I am Pune based medical doctor (M.B.B.S) and certified medical writer from InfocusRx, Hyderabad, working as a family physician and freelance medical writer for health magazines and websites. Five years of clinical experience faced me to handle variety of patients to get best possible results, keep up-to-date knowledge about new medicinal advances and build-up medical specialist and social contacts.

3 Comments

  1. Manish Gupta

    February 26, 2013 at 4:13 am

    A woman’s risk of developing type 2 diabetes increases steadily with the years of shift work she puts in, the study found. Compared to nurses who worked days only, those who worked periodic night shifts for as little as three years were 20% more likely to develop type 2 diabetes, while those who clocked at least 20 years of shift work were nearly 60% more likely to develop the disease For more info check out healthbenefitsoff.com.

  2. ayurveda

    December 29, 2011 at 1:52 am

    Gestational diabetes occurs in approximately 3% of pregnant women, and approximately 60% of those women will develop NIDDM over the subsequent 20 years. In addition, there is a 90 % chance that a woman who has developed it with one pregnancy will develop it in a subsequent pregnancy. Women of childbearing age, therefore, deserve attention regarding prevention

  3. mandyseay

    December 25, 2011 at 10:09 am

    Sleep is so important and is something I think many people overlook.

    During sleep, the body’s production of the appetite suppressor leptin increases and the appetite stimulant, grhelin decreases.
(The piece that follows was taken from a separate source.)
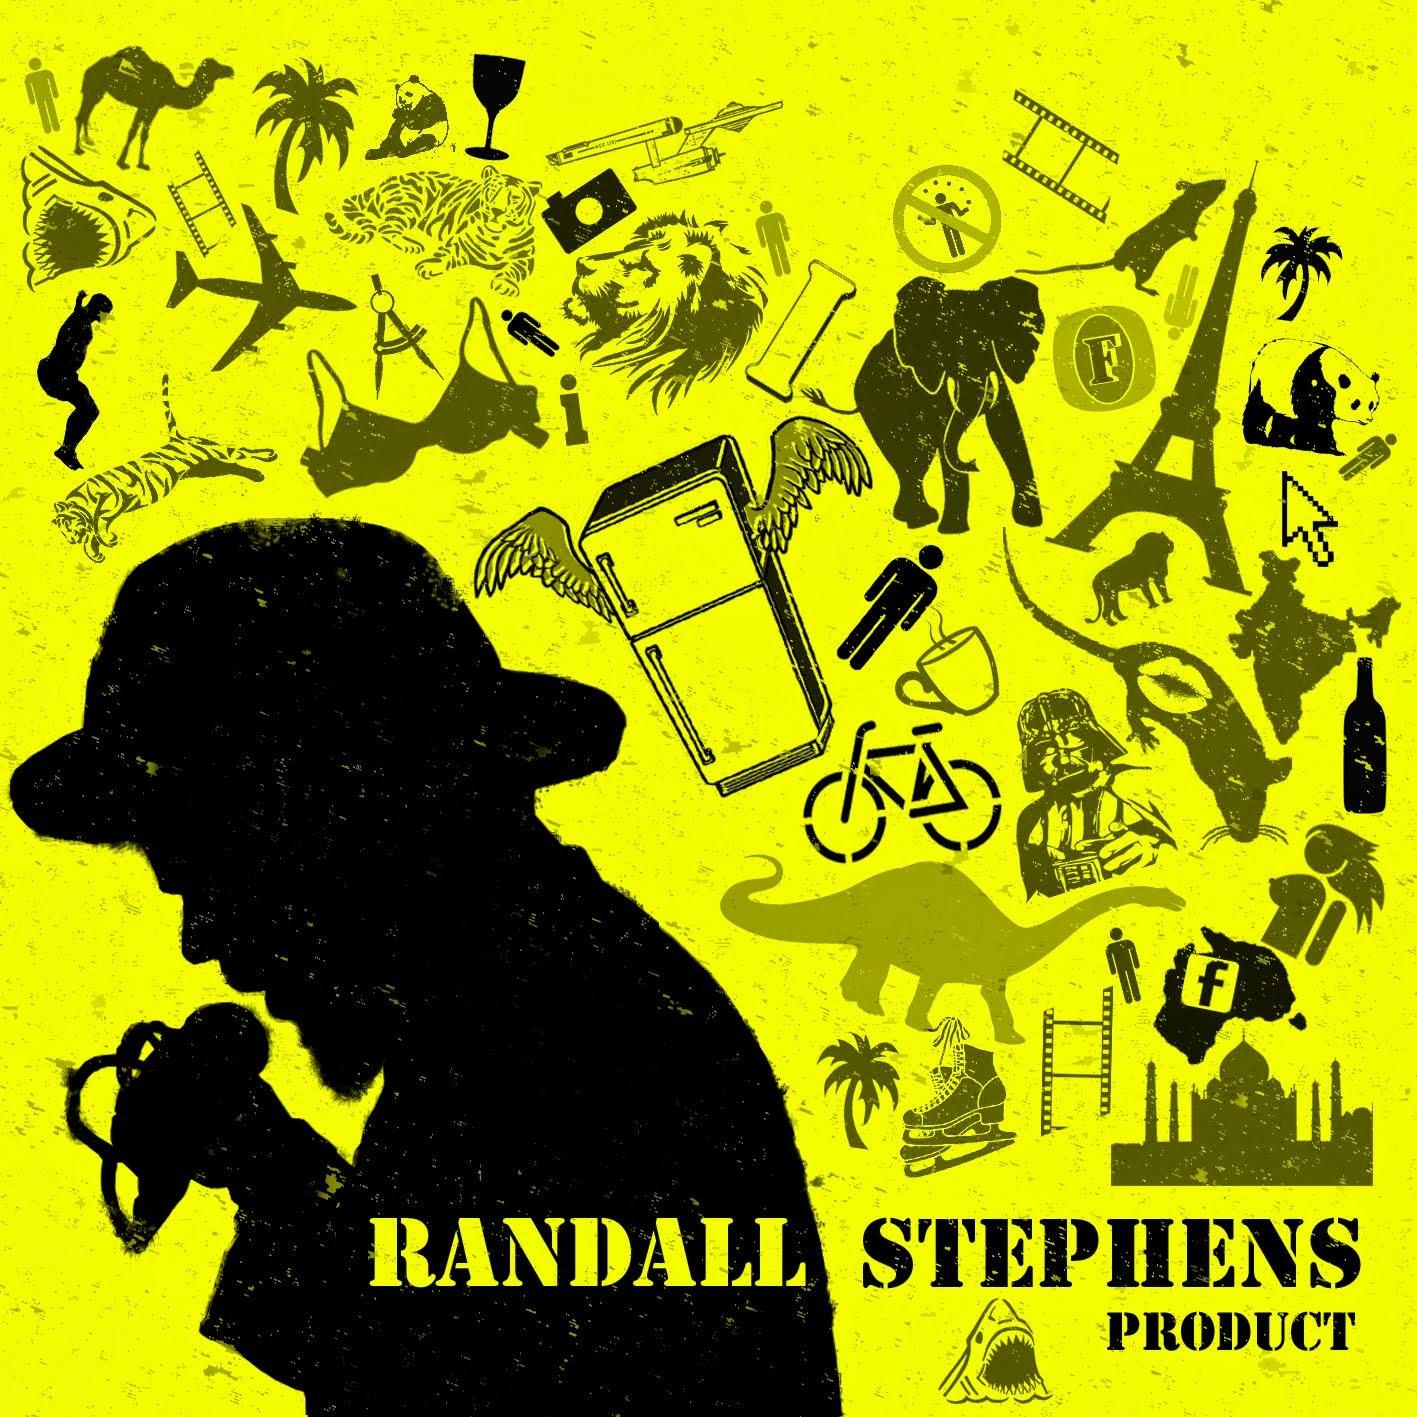 Randall Stephens -PRODUCT

Research finds that the less people sleep (five hours or less), the more likely they are to be overweight or obese and prefer eating higher calorie foods since their food regulation has been altered.

    Other research has found that when healthy volunteers slept only 4 hours a night for 6 nights in a row, their insulin and blood sugar levels matched those seen in people who were in the developmental stages of diabetes.

    Another study found that women who slept less than 7 hours a night were more likely to develop diabetes than those who slept between 7 and 8 hours a night.